In fact, the wording of s. 45 itself seems to negate that possibility.
Section 45 does not guarantee the right to an acceptable standard of living, as
Article 11(1) does; rather, it guarantees the right to social measures.
In my view, that distinction supports the assertion that s. 45 protects a right
of access to social measures for anyone in need. The fact that anyone in
need is entitled not to measures to ensure him or her an acceptable standard of
living, but to measures susceptible of ensuring him or her that standard
of living, is also revealing. It seems to suggest that the legislature did not
intend to give the courts the power to review the adequacy of the measures
adopted, or to usurp the role of the legislature in that regard.
421
As well, the expression “provided
for by law” must be
considered in light of the other provisions of Chapter IV that have a
direct impact on the financial resources of the state. Those provisions all
contain a reservation (worded in different ways from one section to another).

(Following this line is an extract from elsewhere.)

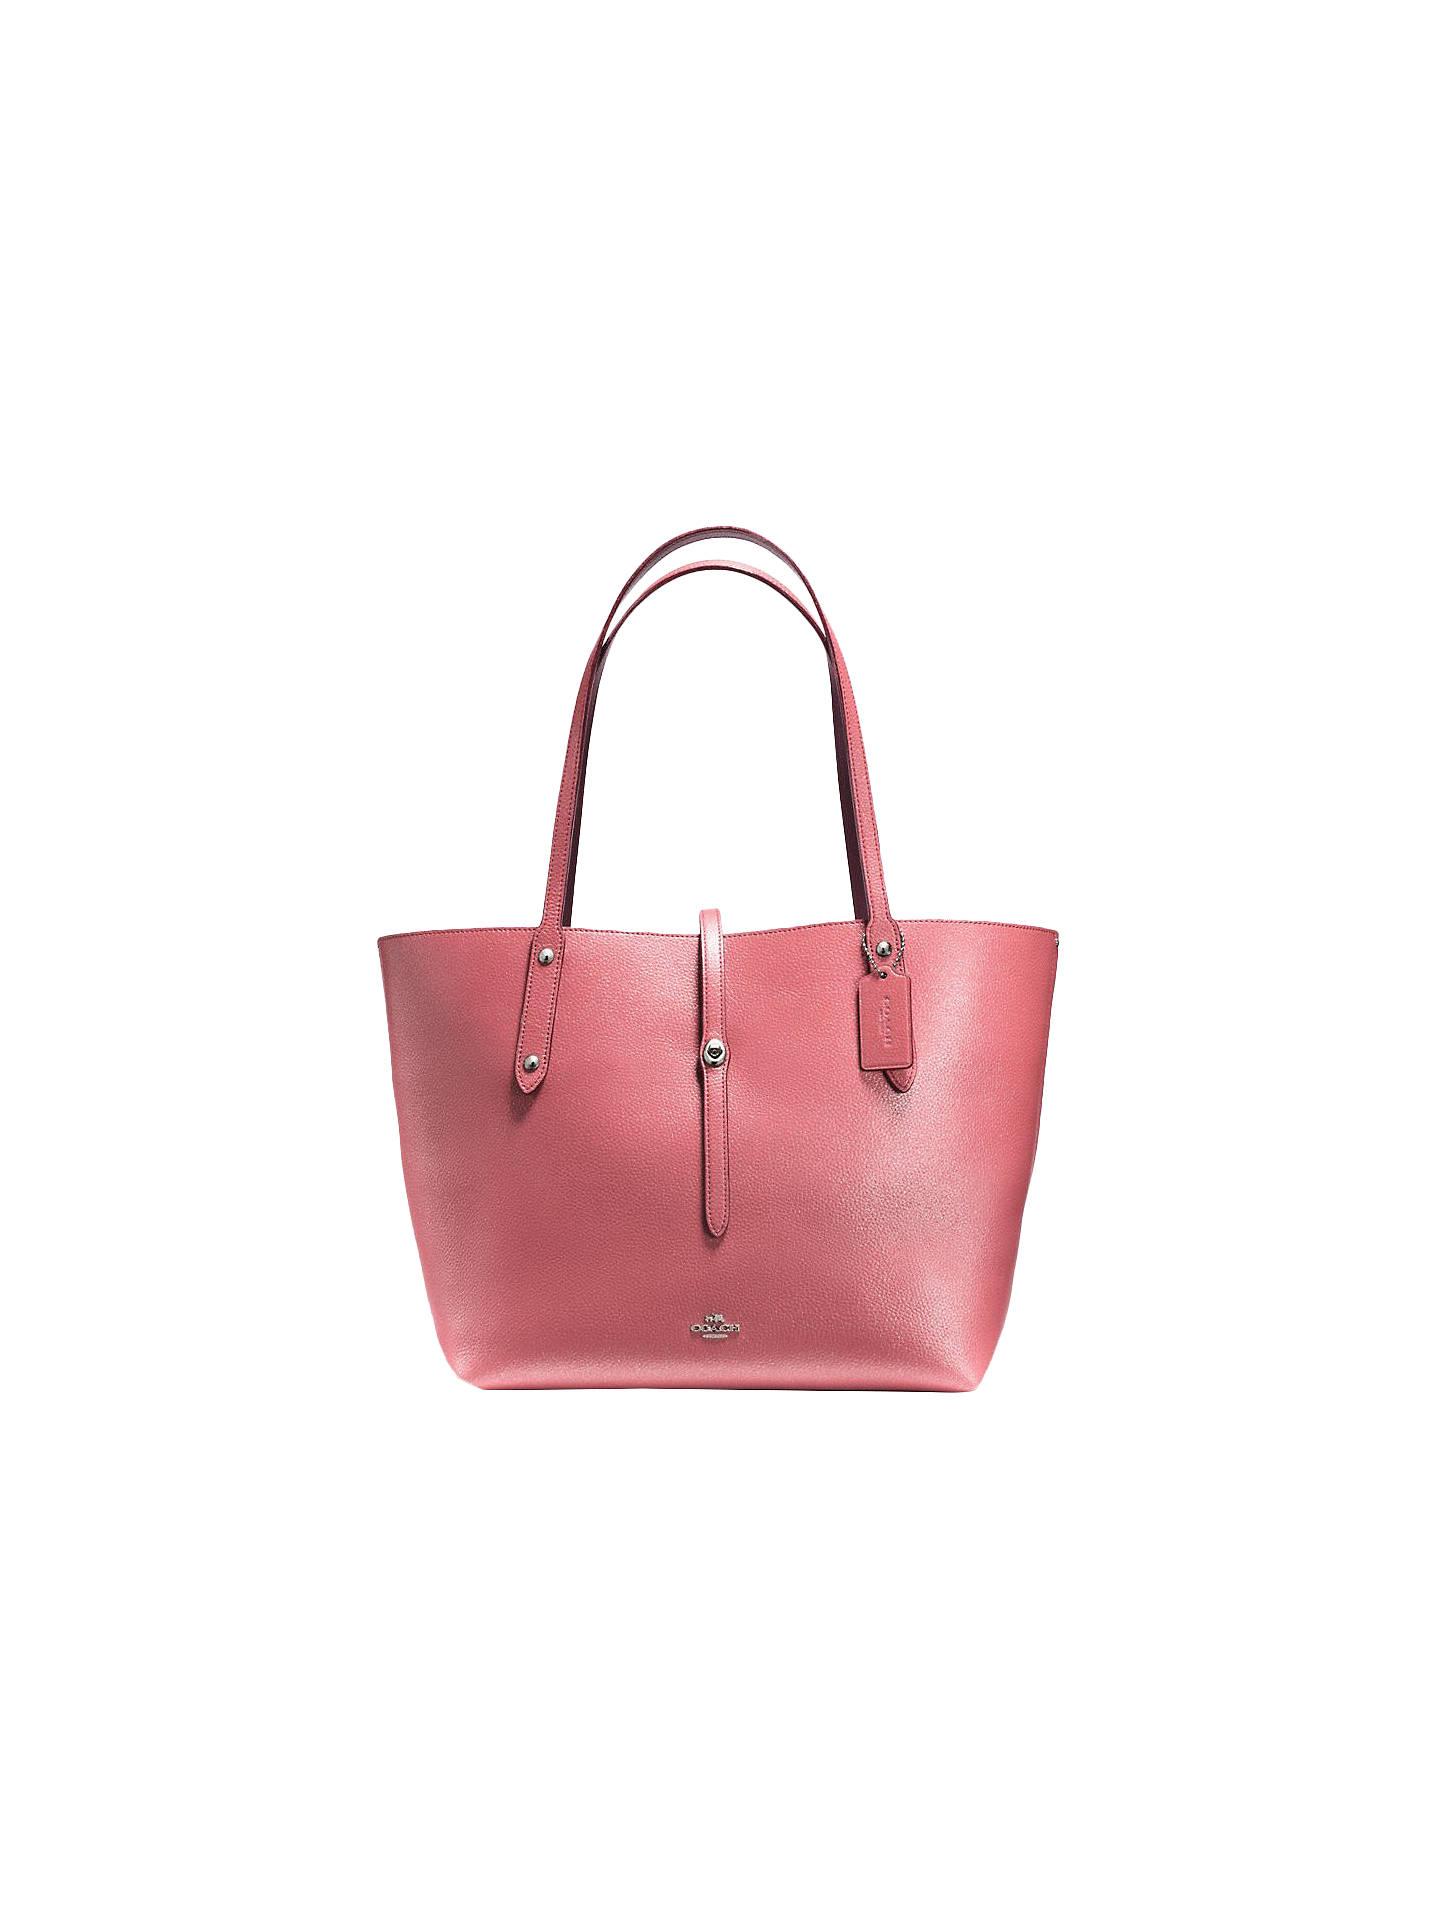 d2ba25ba6 Buy Coach Market Leather Tote Bag, Glitter Rose Gold Online at  johnlewis.com ...

Those reservations confirm that the rights are protected only to the extent
provided for by law. It would be most surprising if the Quebec legislature had
committed itself unconditionally to ensuring an acceptable standard of living
for anyone in need at the same time as limiting the exercise of all of the
other rights that call for it to make a direct financial investment to what is
prescribed by law (M.‑J. Longtin and D. Jacoby, “La Charte vue sous l’angle du législateur”, in La nouvelle Charte
sur les droits et les libertés de la personne (1977), 4, at p. 24).
422
The final point is that the interpretation adopted by Robert J.A.
does not seem to be supported by the opinions expressed during the
parliamentary debates that led to the enactment of the Quebec Charter.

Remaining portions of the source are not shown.